How do companies calculate the CO2 emissions of things like banks and pensions schemes, and why does the figures differ so much between the different online calculators?

2.92K views

How do companies calculate the CO2 emissions of things like banks and pensions schemes, and why does the figures differ so much between the different online calculators?

In: Other

2 Answers

Anonymous 0 Comments

Banks and pension scheme have no actual emissions. What they are trying to express is that banks and pension scheme invest in carbon or greenhouse gas producing operations. Pensions invest in fossil fuels as well as green alternatives. The green alternative have a low rate of return, proven by the amount of subsidies necessary for them to to stay profitable.

The gren alternatives actually have a higher greenhouse producing foot print that take a long time to recover. The manufacturing involved in solar panels requires the glass to be etched with acid. Some of the acid is recycled but yet large amount cannot be captured and go either into the atmosphere or wasted. If you research the manufacturing process, it will scare you how toxic waste is produced in solar panel manufacturing.

The manufacturing of wind power items is just as worrisome. The amount of energy and mined material for the process is also scary.
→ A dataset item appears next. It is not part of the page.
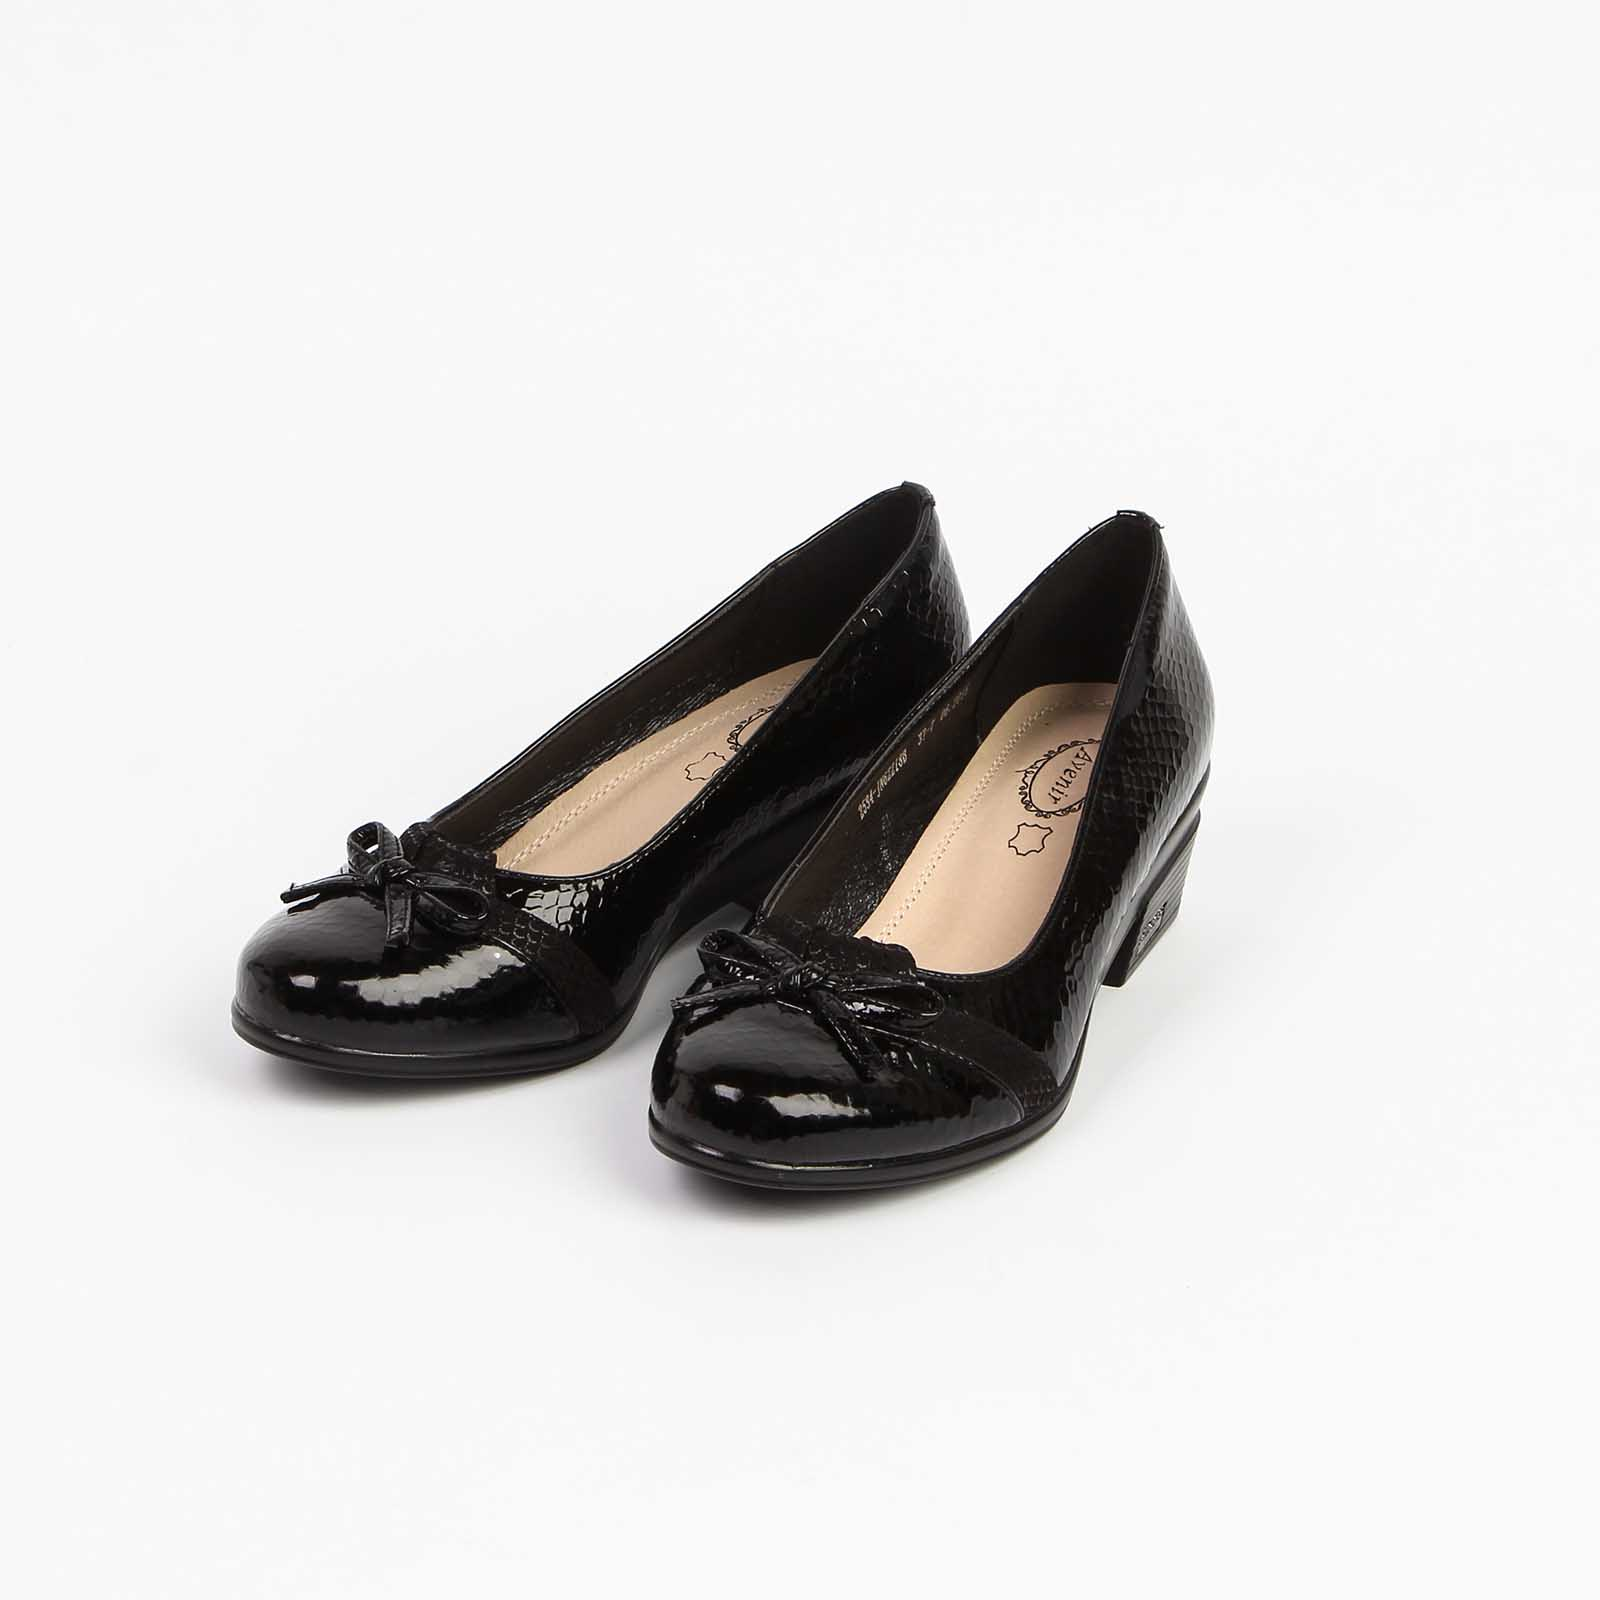 Туфли женские лакированные с изумительным украшением на мысу
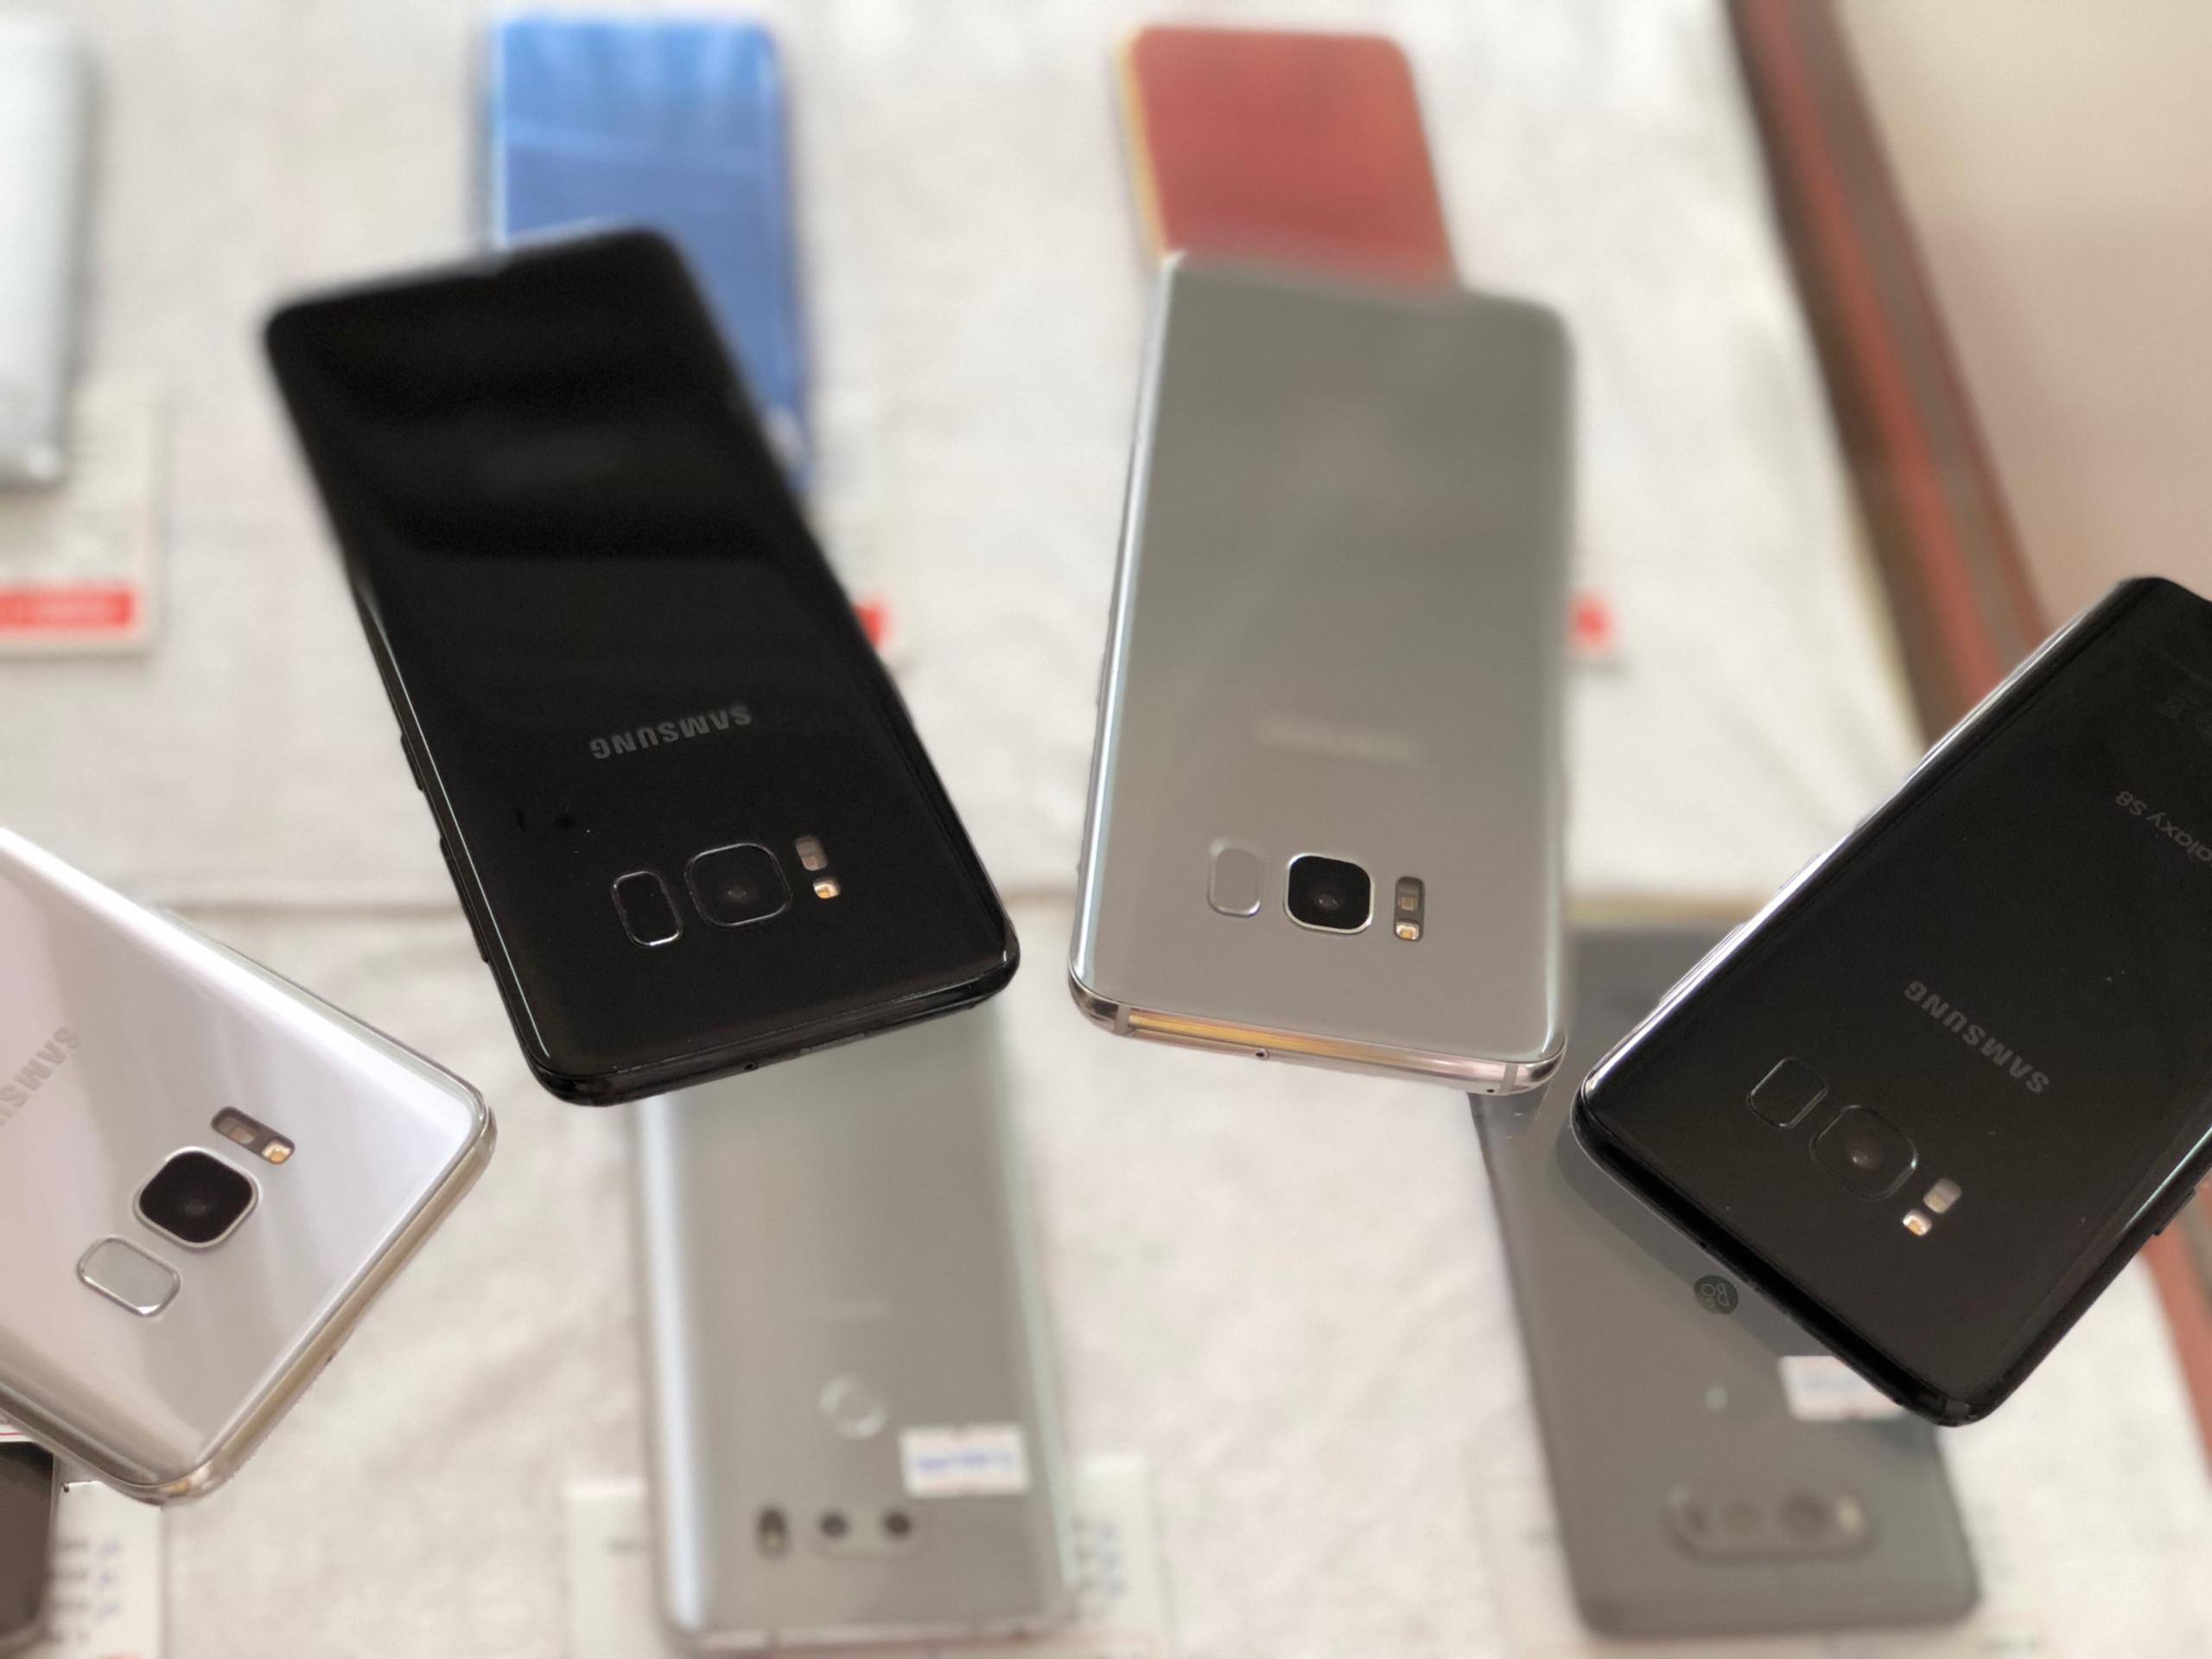 2 Samsung Galaxy S8 QUỐC TẾ giá cực tốt bảo hành 12 tháng chỉ có tại THINHMOBILE

The carbon footprint for these alternatives is enormous per installation. Look at Googles dessert experiment. https://www.google.com/search?q=googles+solar+farm&client=firefox-b-1-d&source=lnms&tbm=isch&sa=X&ved=0ahUKEwiToLiLw7TiAhUnJTQIHUeADQ0Q_AUIDygC&biw=1088&bih=491

How much toxic waste and manufacturing was used to produce this failure. It did not provide 1/20th of the energy Google said it would. It was such a failure that Google sold it at billions of dollars of lose.

So the investments banks and pensions make determines their carbon footprint. The industries, agriculture, manufacturing. So one pension plan could produce a large carbon foot print by investment in auto industry one quarter and the next quarter invest in flowers. Different carbon footprints.